A sample of libraries using Niche Academy as part of their own library education and library marketing plan.
The Power of Beautiful - A Fresh Look at Library Marketing
Library marketing, and library resource promotion made easy. Simple steps and an introduction to some free and highly effective tools.
I should start out by telling you that I'm not a graphic designer or an artist of any kind. I'm not a trained marketer either. I have an MA not an MBA or an MFA. I don't know much about color theory and mostly wouldn't recognize a golden mean ratio unless you pointed it out to me. So why am I, of all people, proposing to tell you something about beautiful library marketing?
Simply this--I've found some tricks that have let me create some fairly effective library marketing material. So if I can do it, you should conclude, certainly you can too. Read on and judge for yourself.
To keep this simple, I'm going to organize my tricks as 5 sequential steps.
Step 1: Start with a resource
Your goal is to increase the visibility and the utilization of something the library has to offer. Maybe it's a library class or program, maybe it's an electronic resource. Whatever it is, your library offering isn't going to speak for itself. Without effective library marketing, most people just won't know about or see the value in what the library offers. And tell me you don't see that scenario all too often. I do.

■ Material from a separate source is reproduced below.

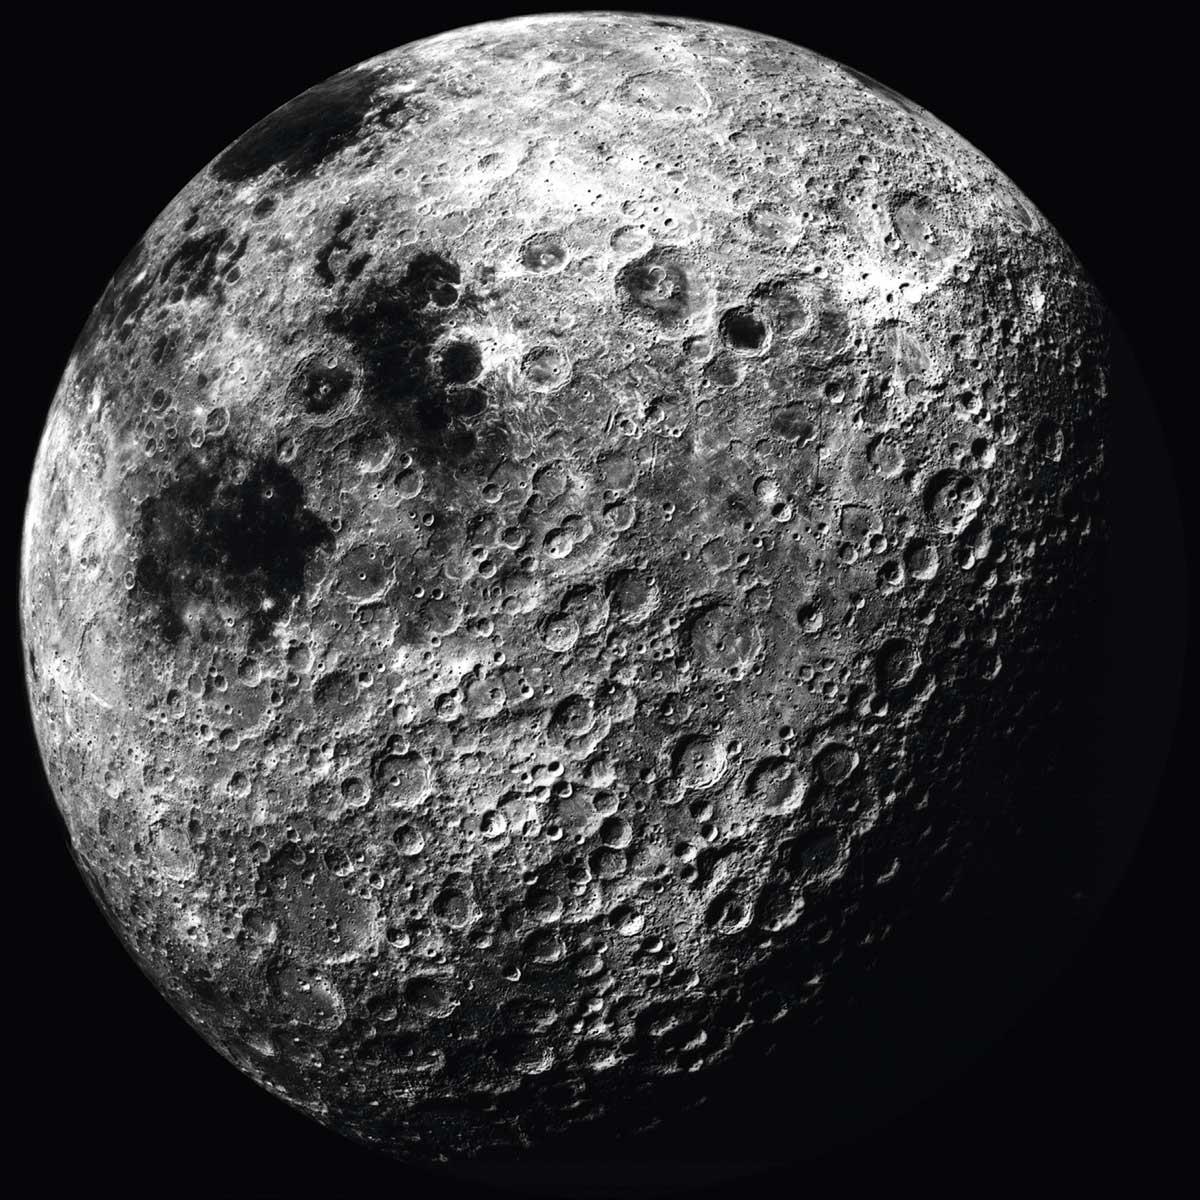 expos-lune-voyage-reel-imaginaires-grand-palais-omega-8e
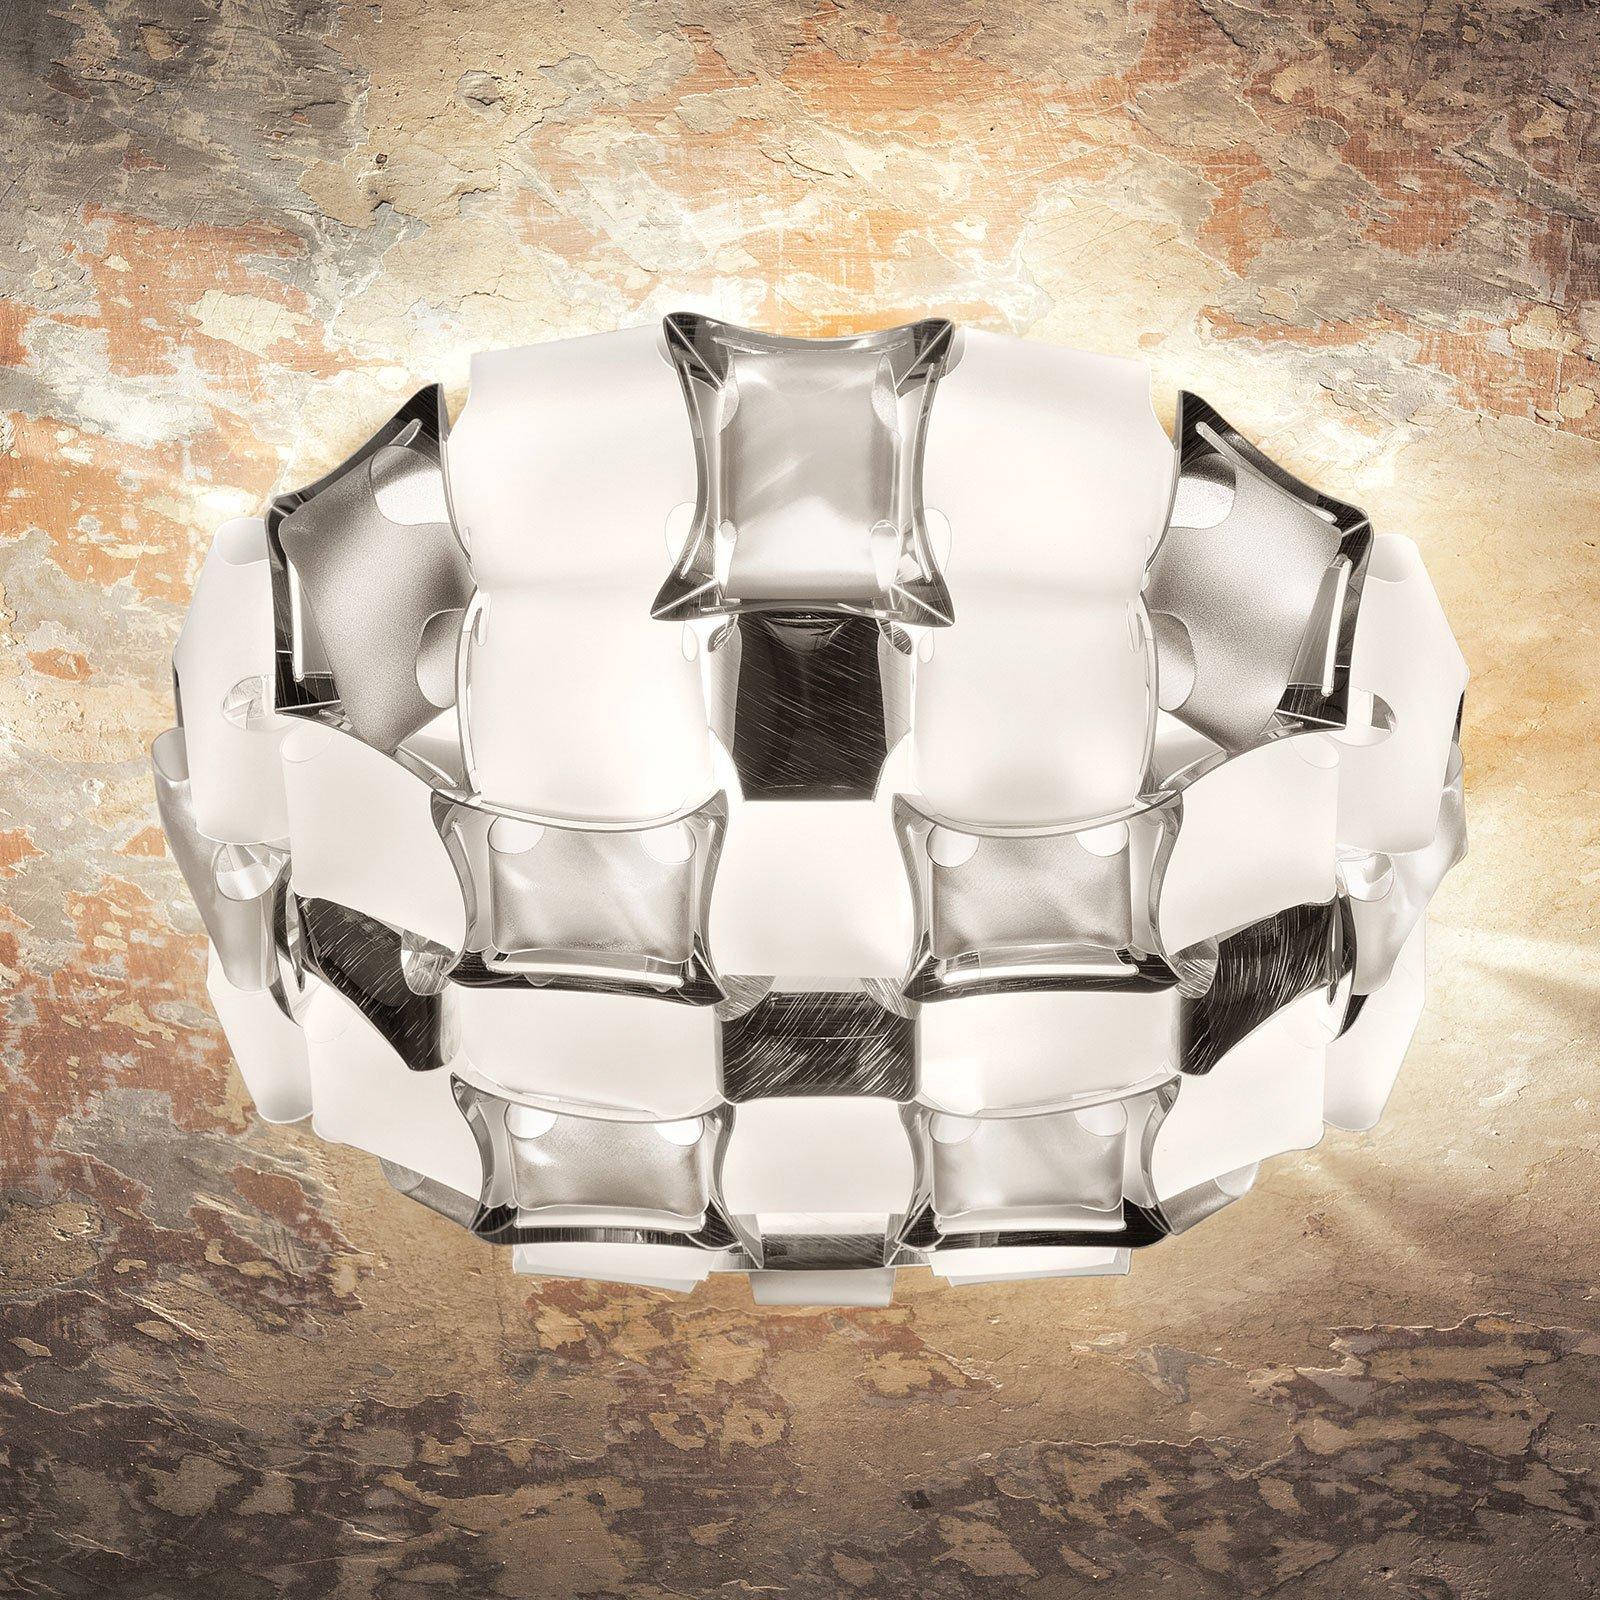 Slamp Mida taklampe, Ø 67 cm, platina/hvit

So the first step is to simply choose one thing you want to promote. In marketing terms, your library has a "brand". It is the sum of the feelings, ideas, and impressions your patrons (customers in marketing terms) have about the library. When you deliberately set out to market a library resource, you are helping to shape your library brand.
Step 2: Find an image
Find an image that is in some way related to the resource you want to promote. This relationship to the resource doesn't have to be very strong. If it's an electronic resource, having a computing device somewhere in the picture, for example, may be sufficient. What matters much more, is that the image be beautiful. It needs to somehow trigger a positive emotional response. My own taste inclines towards images that feature warm natural light. Pay attention to your audience, though, and let their responses be your guide to what's beautiful.
The really good news is that there are a lot of great places to find beautiful pictures online. Here are just a handful of some of the great places to look--note that all of the ones listed here are free.
- Google Images If you're concerned about the copyright associated with an image you find on Google Images, you can filter your search to only present images that are labeled for re-use.
- Flickr Also has a copyright search filter.
- Bing Images Also offers a copyright search filter.
- Pixabay.com Free stock photos, vectors, and illustrations.
- FreeImages.com Free photos and illustrations
Step 3: Size the image for your context
My favorite tool for this step and the next one is Canva.com. Canva is a free online graphic design tool. It lets you upload your own images to include in a design as well as offering over a million stock photos that you can download for $1 each under a single use licenses.
Whenever you create a new design in Canva, the first step is to choose a height and width. They have a number of standard sizes available to choose from including standard paper sizes and the optimal dimensions for Facebook, Twitter, Instagram, and Pinterest. When you set height and width specifically for a given context, you ensure that your image won't get clipped or distorted in ways you don't like.
When you download a design you've created in Canva, Canva also makes sure that the file size (in bytes) of your image is not too large. This saves you from posting an image to your website, for example, that will make the page slow because it takes so long to load your huge image. This is a very common problem for novice graphic designers like myself.
Step 4: Add text
A beautiful image will attract attention. A bit of added text will direct that attention where you really want it. In as few words as possible, you want to accomplish two things:
- let your target audience know that the library has something interesting to offer and
- prompt them to take action
Size and place your text with the image so that it doesn't detract from the attention grabbing power of your image. To make the text easy to read, you may want to place a solid color or semi-transparent background shape behind the text. Here, again, Canva shines because it makes this really easy to do.
Step 5: Recycle
Once you've gone to the trouble of creating an image and thinking of the text to go with it, use it again. If you sent an image as part of an email, post the same message on Facebook, find a place for it on your website, or put it on a tent card. You will, of course, want to size the image appropriately for each context where you use it. With a tool like Canva, though, this is a matter of a few minutes, not a total reinvention.
Recycling images in this way saves you time and has the added benefit of increasing recognition with your target audience. Seeing the same graphic in multiple contexts makes it more likely that your audience will remember the message and become interested enough to take action.
So there you have it. Nothing described above is difficult or expensive or impractical--just a few ideas, I hope, you'll find worth a try.